Stuttgart - Besser als erwartet! Wie schon Daimler kann auch Bosch das Jahr des Corona-Einbruchs in diesen drei Worten bilanzieren. 1,9 Milliarden Euro Gewinn kommen trotz aller Widrigkeiten zusammen. Das ist weniger als im Vorjahr, aber nach Frühjahrsmonaten mit Umsatzeinbrüchen von 40 Prozent ein Grund für die Geschäftsführung, kurz aufzuatmen. Auch Bosch profitiert wesentlich von Chinas Kaufkraft: Zum ersten Mal wurde in China mehr umgesetzt als im Heimatmarkt Deutschland. Aber in den Zahlen finden sich noch weitere Meilensteine.
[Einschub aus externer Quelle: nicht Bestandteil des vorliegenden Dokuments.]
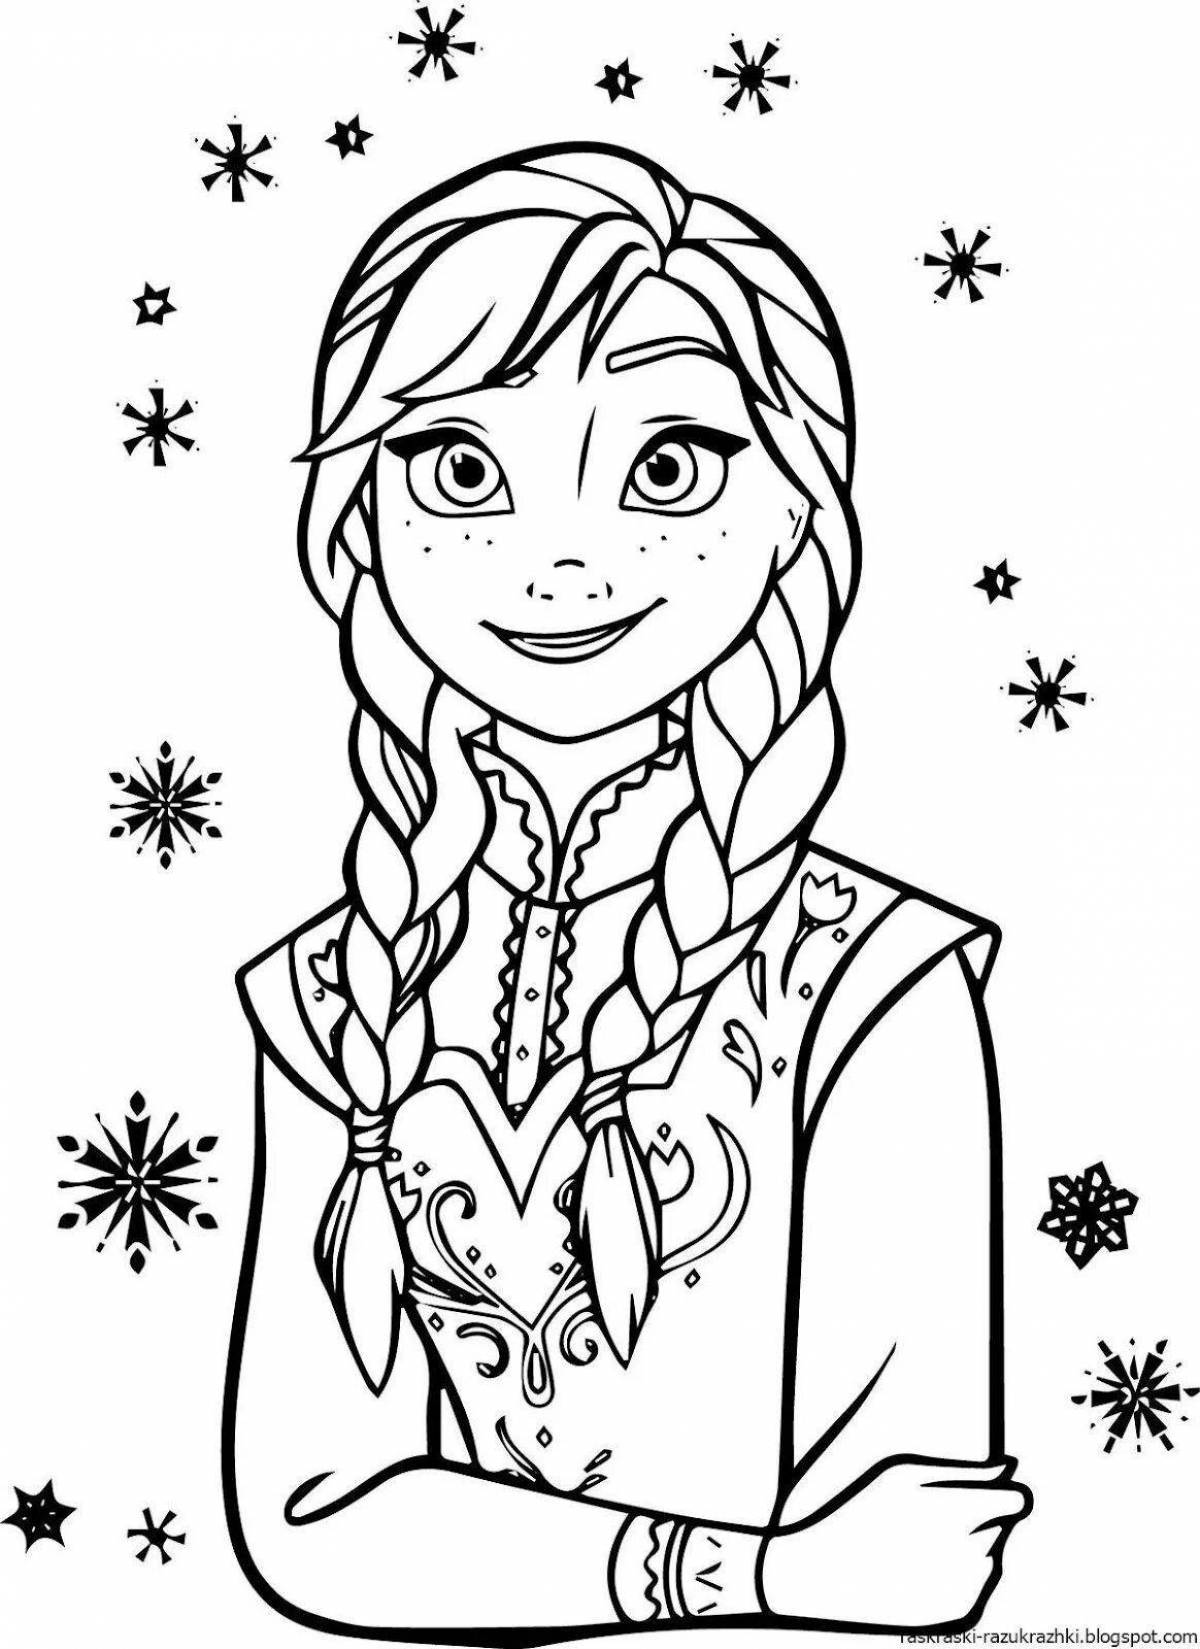 Elsa's wonderful coloring book for children 4-5 years old

Noch nie war der Free Cash Flow, die Größe für die Finanzkraft, so hoch wie 2020: fünf Milliarden Euro. Die Opfer der Mitarbeiter, die Kurzarbeit, Arbeitszeitverkürzungen und Stellenabbau erdulden mussten, schlagen sich darin nieder. Ein Kahlschlag aber wurde vermieden. Die Mitarbeiterzahl sank weltweit nur um rund ein Prozent. Eisern gespart wurde zudem an anderer Stelle: Investitionen außerhalb der wichtigsten Wachstumsfelder wurden rigoros gestrichen.
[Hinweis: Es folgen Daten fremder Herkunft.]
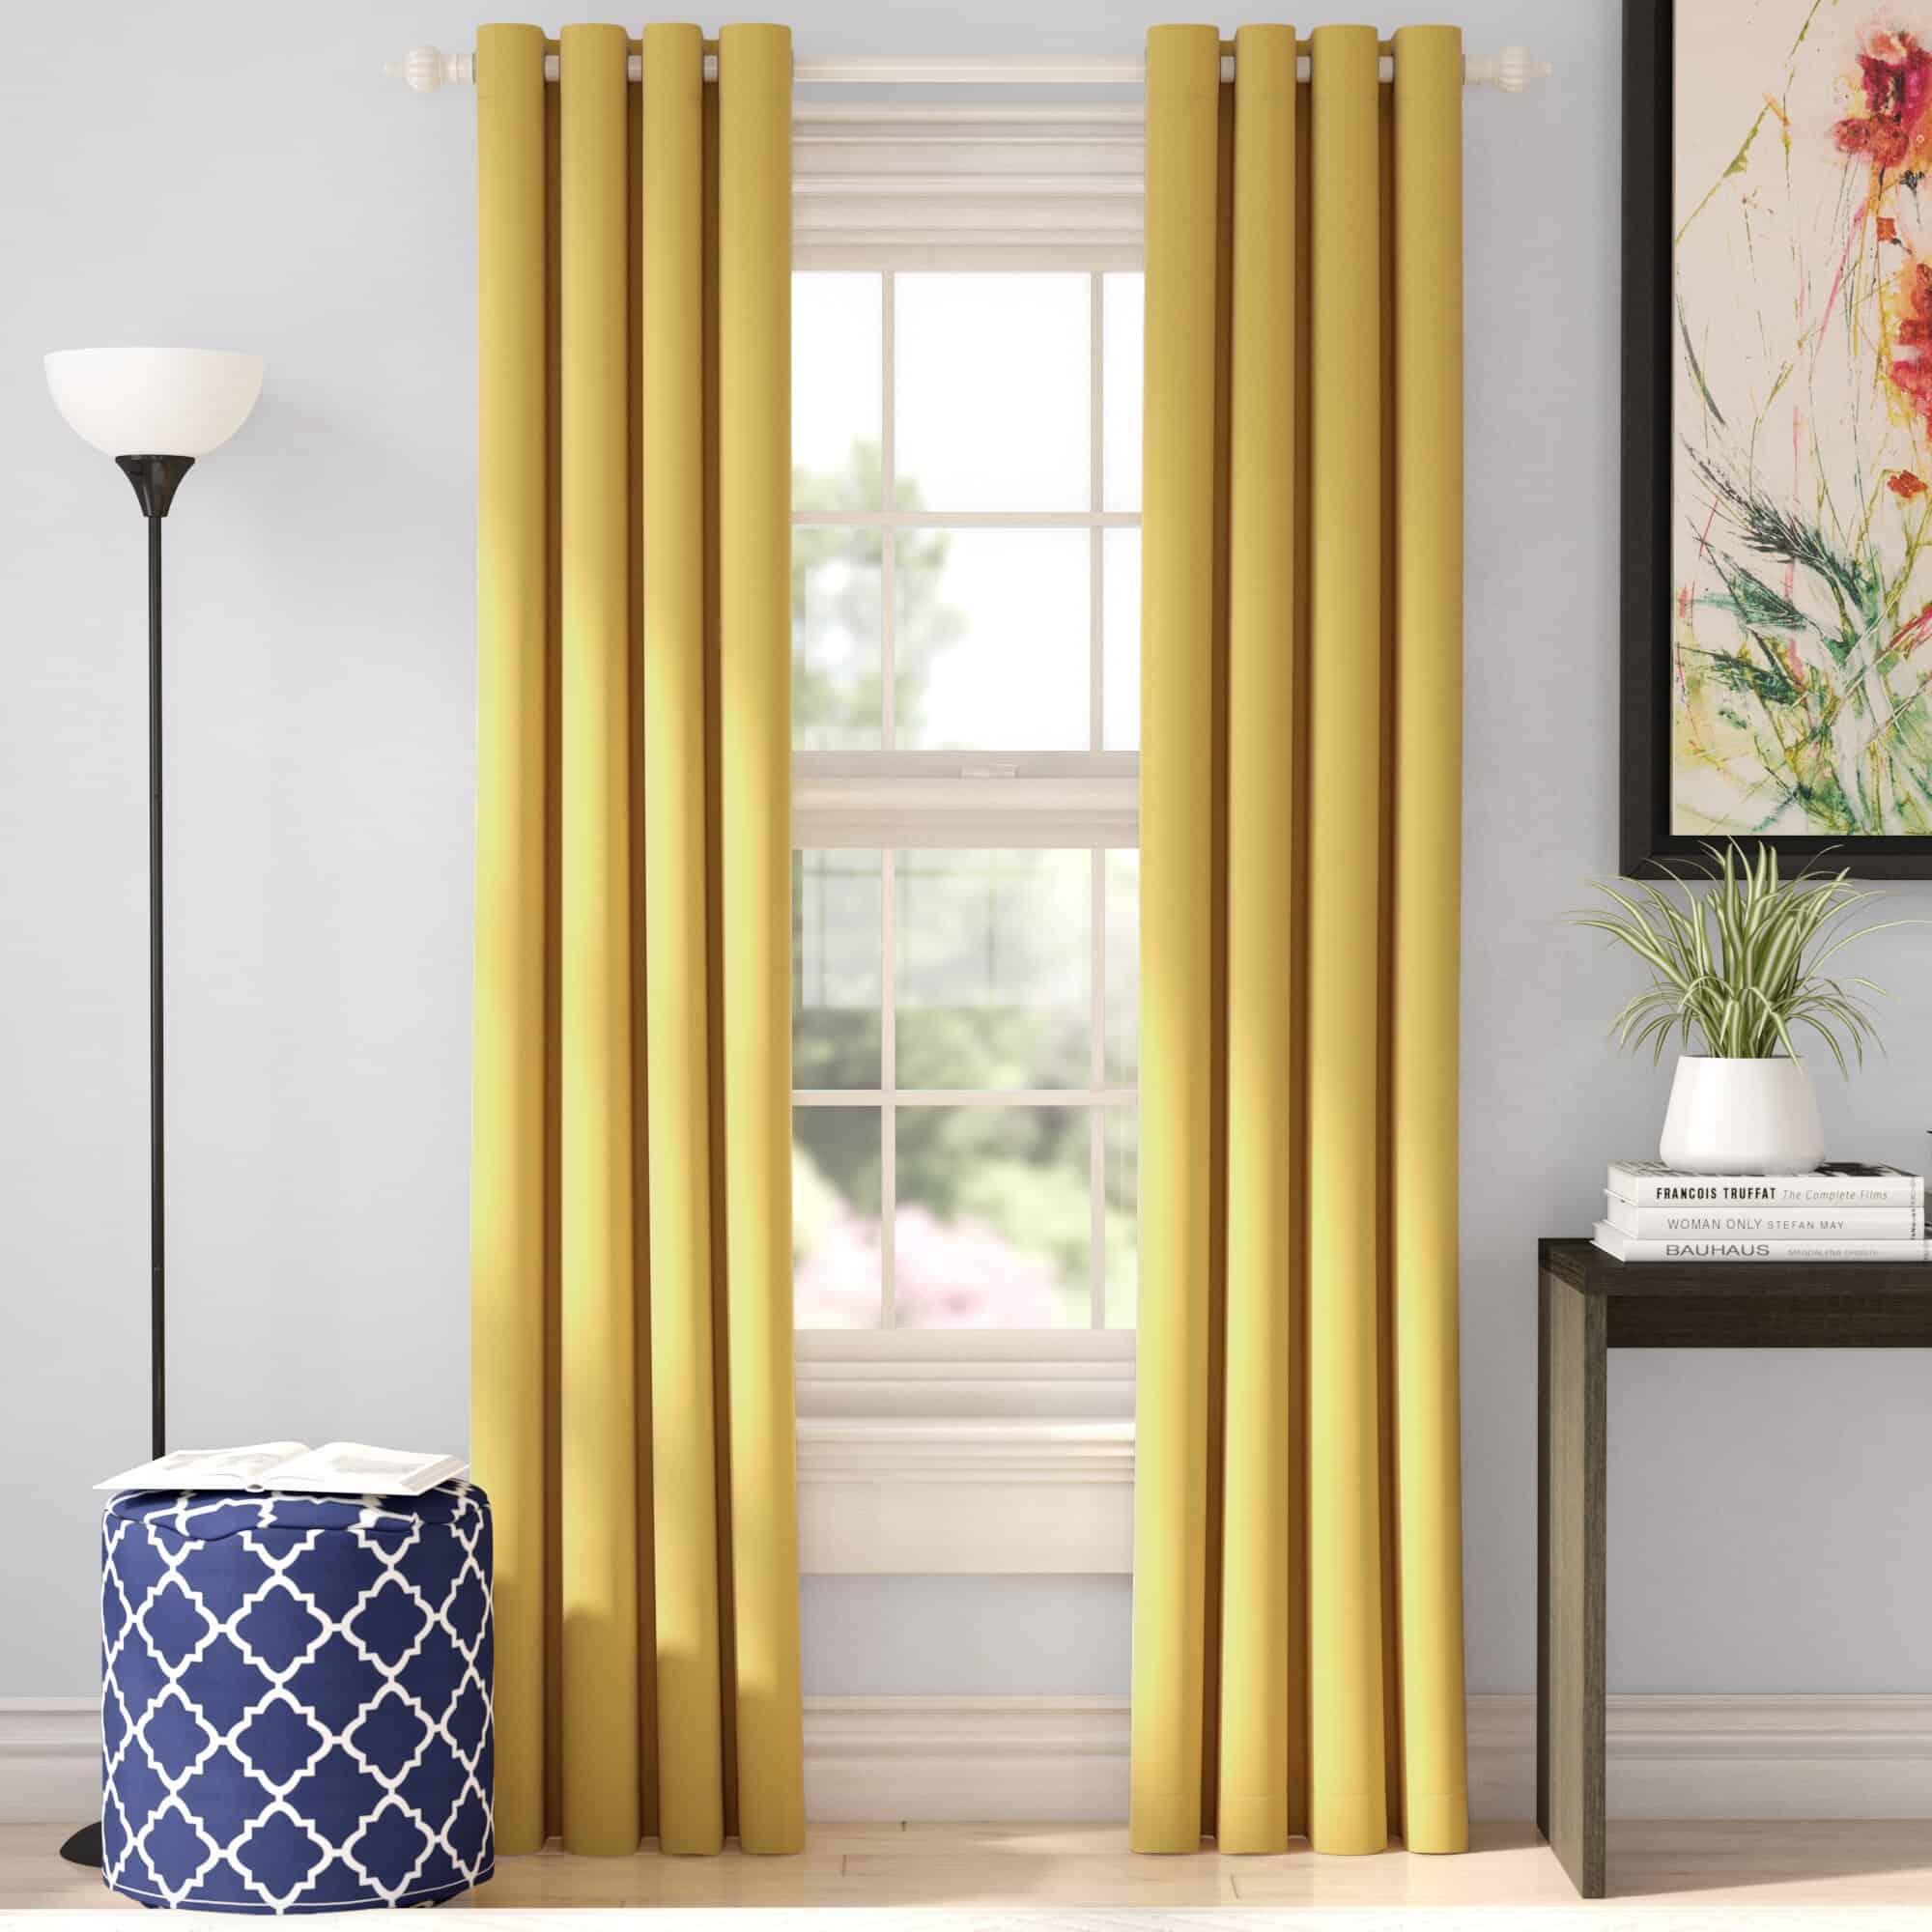 Sunny Yellow Curtains With White Walls

Corona bringt Wachstum bei Hausgeräten und Werkzeugen
Neben der Corona-Sonderkonjunktur im Hausgeräte- und Heimwerkerbereich fällt der Erfolg im Zukunftsmarkt Fahrzeugelektronik auf: Allein im zweiten Halbjahr wurden für 2,5 Milliarden Euro Autocomputer geordert, in denen Funktionen zusammengefasst werden, die bisher auf viele Steuergeräte verteilt waren. Das ebnet den Weg zu permanenten Verbesserungen per Update, auf dem viele Hersteller dem Beispiel Teslas folgen.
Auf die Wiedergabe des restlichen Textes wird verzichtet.